→ **How to complete this task**:
Set the data below down again, exactly, with every picture left out.

The data section start

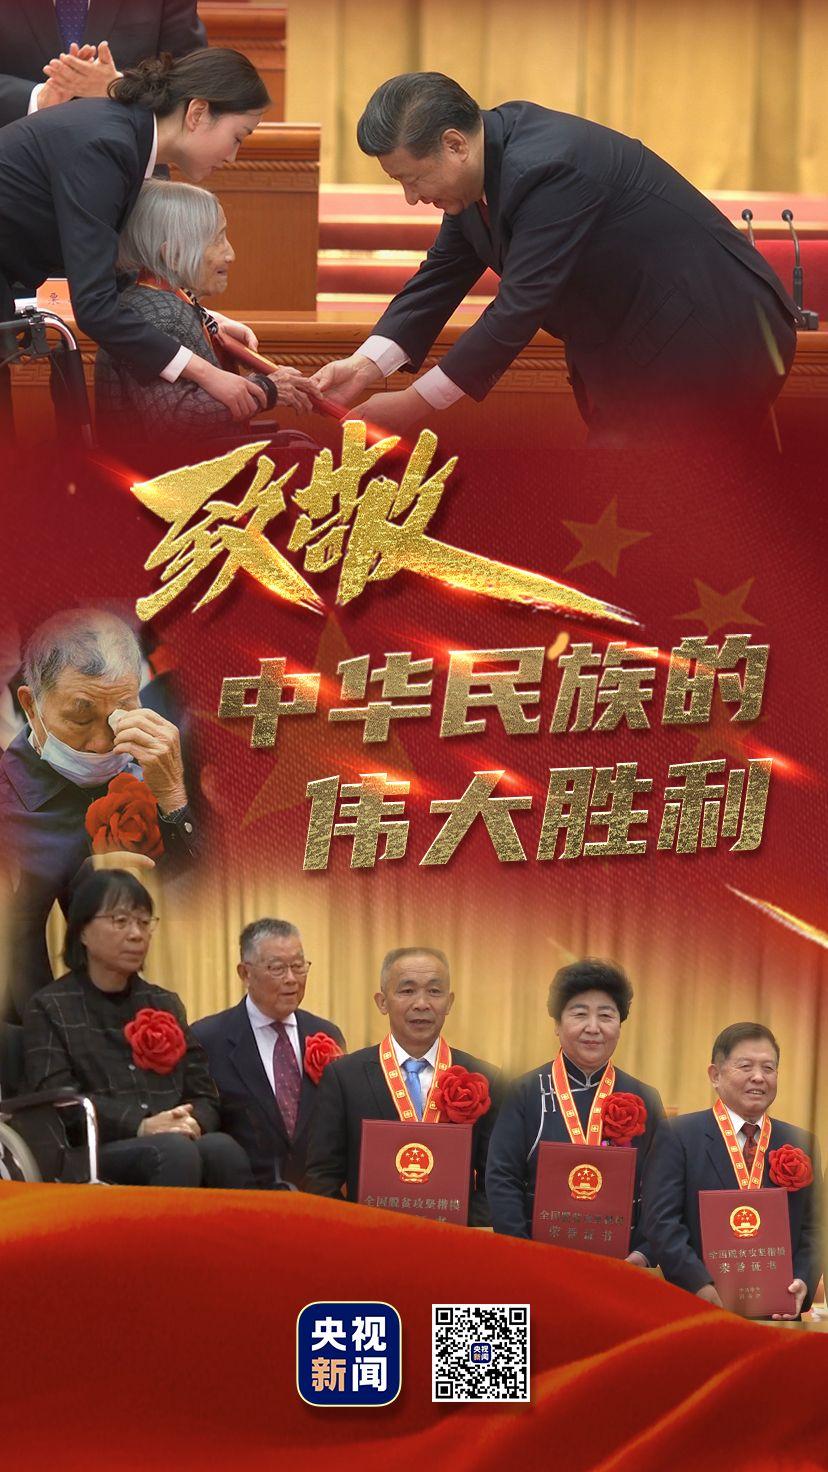 致敬!中华民族的伟大胜利!
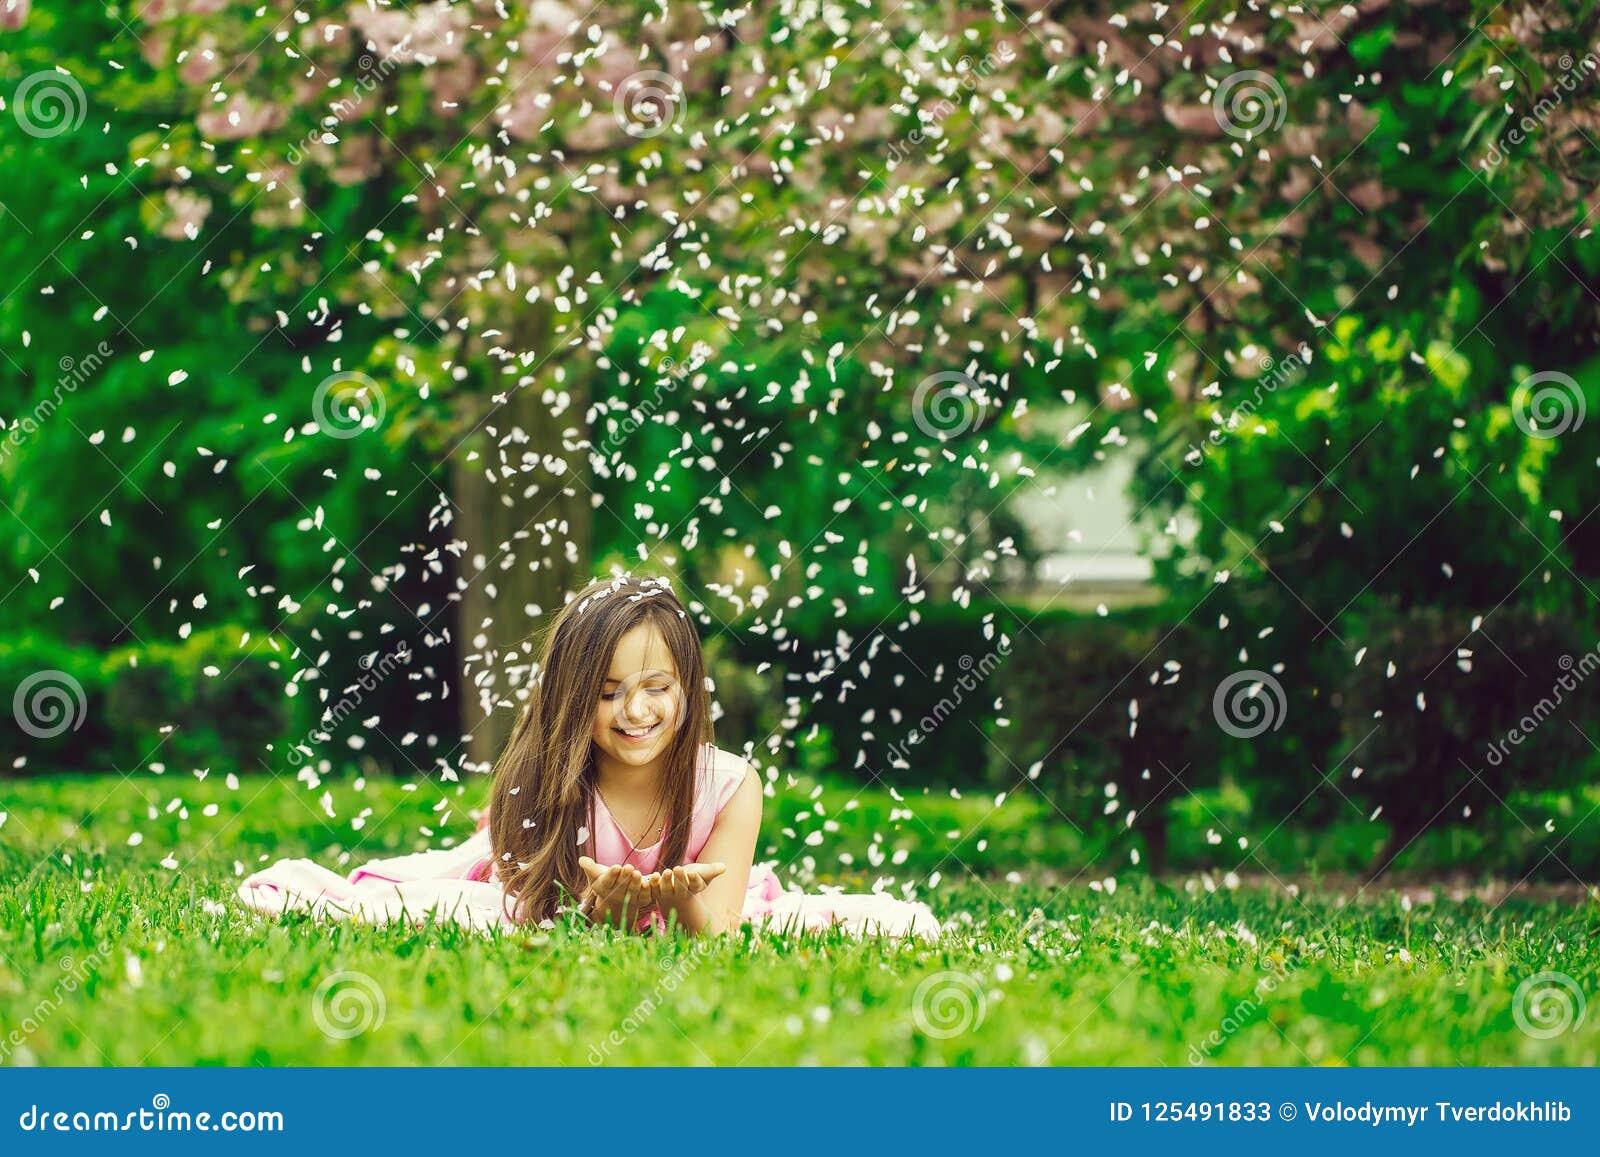 Mała dziewczynka na zielonej trawie z płatkami
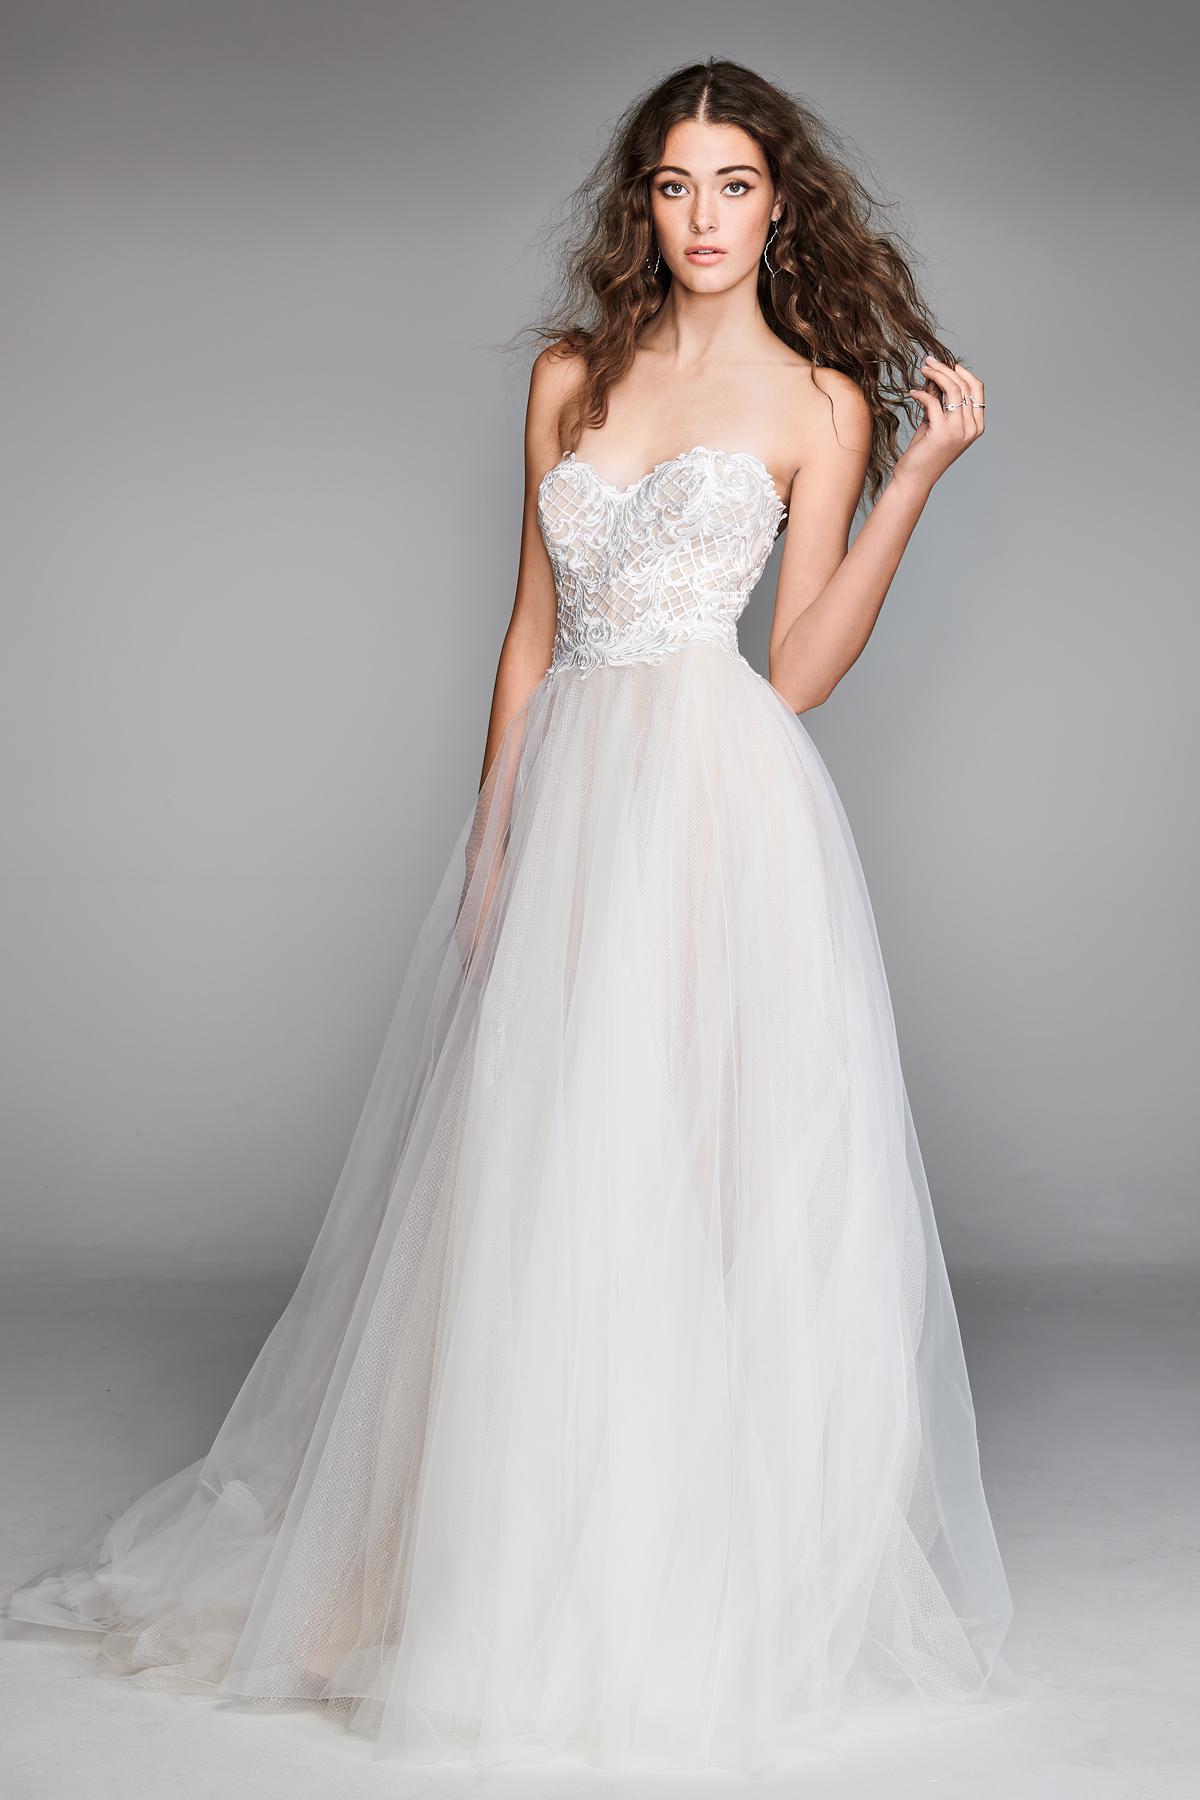 willowby by watters 2018 sweetheart chiffon wedding dress
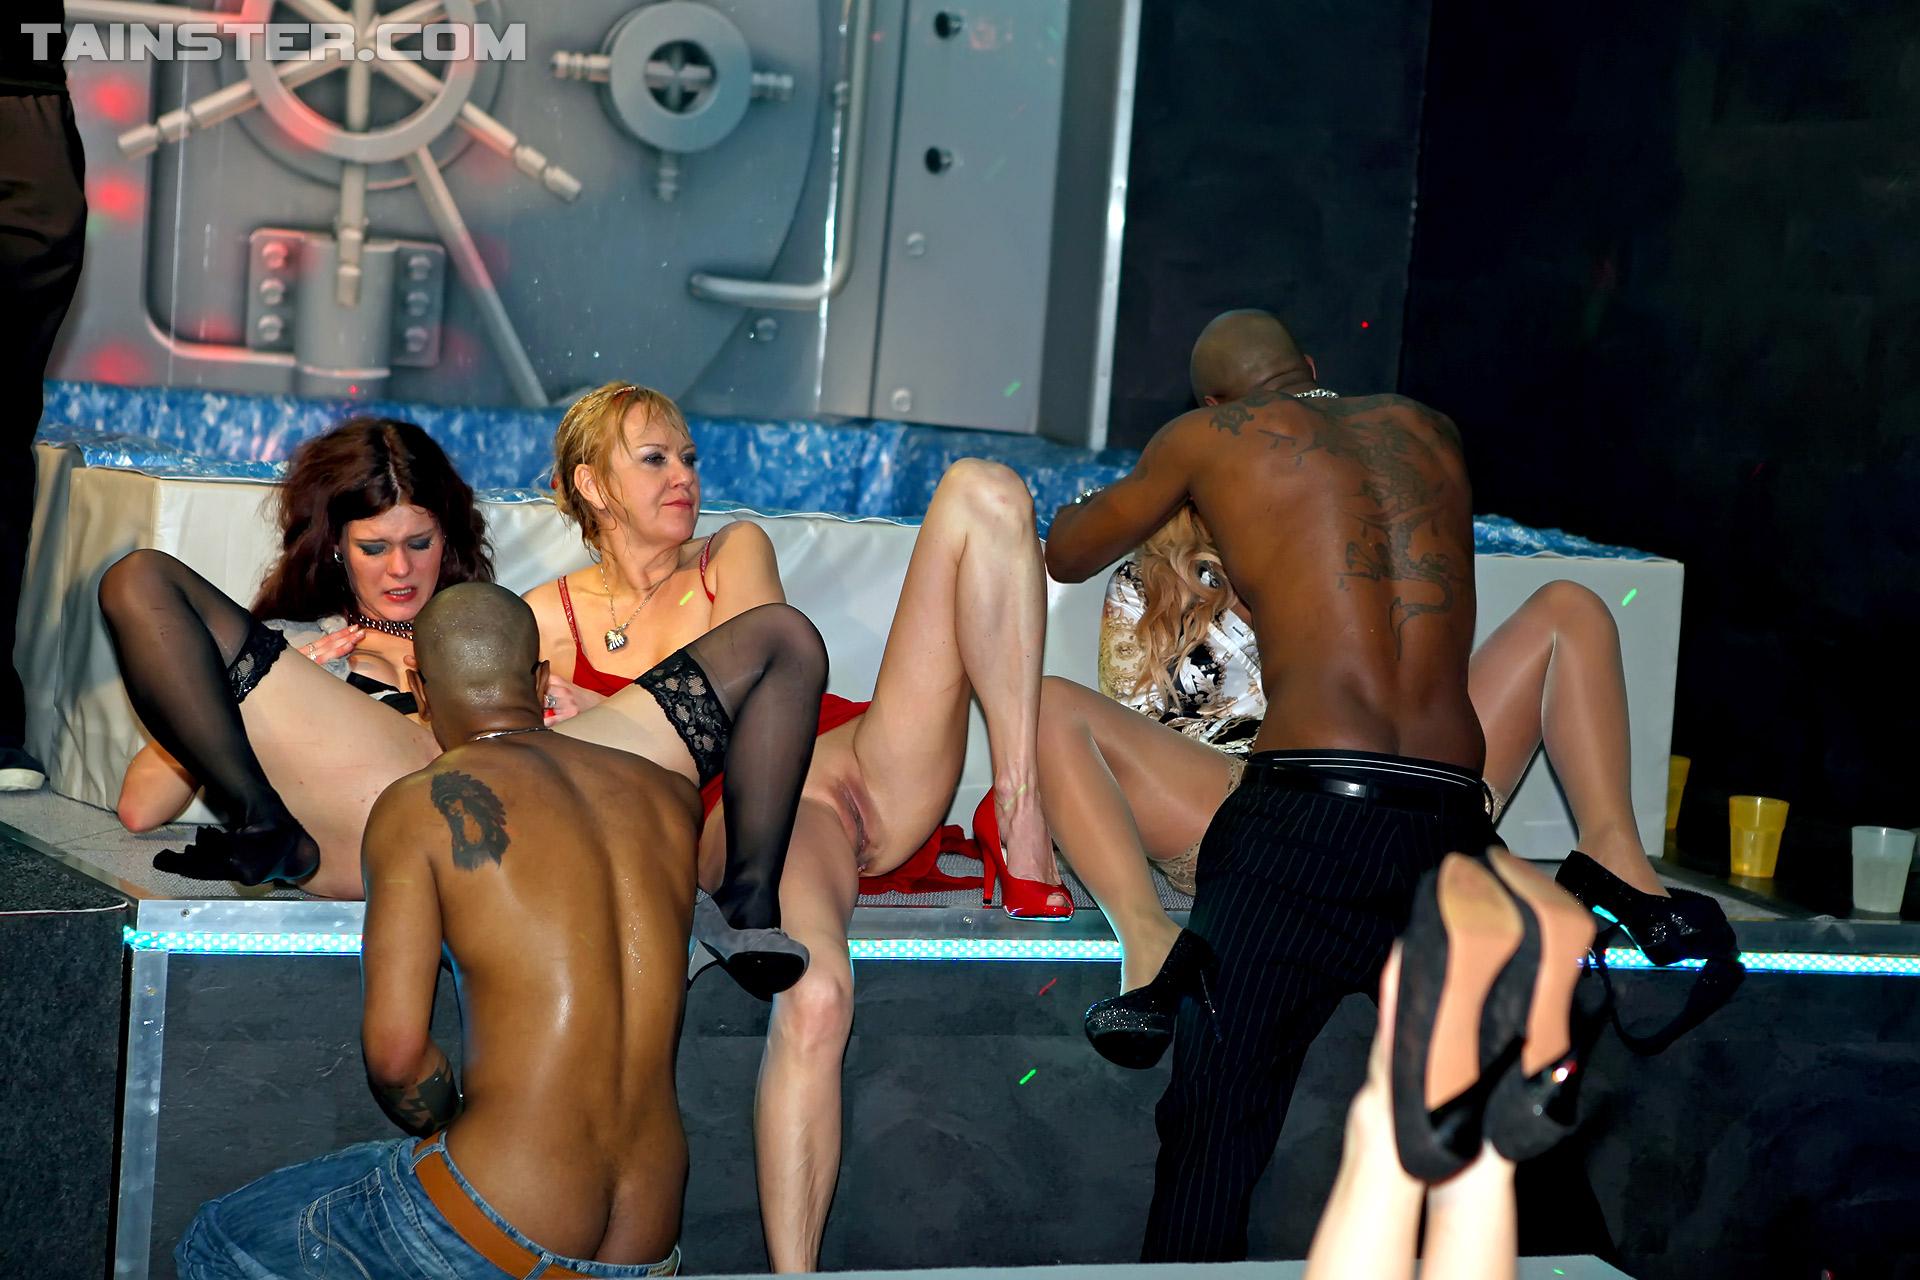 Уединились в клубе, На Вечеринке Уединились (найдено 81 порно видео.) 3 фотография

The data section end

→ **Response for this exercise**:
 致敬!中华民族的伟大胜利!
 Mała dziewczynka na zielonej trawie z płatkami
 willowby by watters 2018 sweetheart chiffon wedding dress
 Уединились в клубе, На Вечеринке Уединились (найдено 81 порно видео.) 3 фотография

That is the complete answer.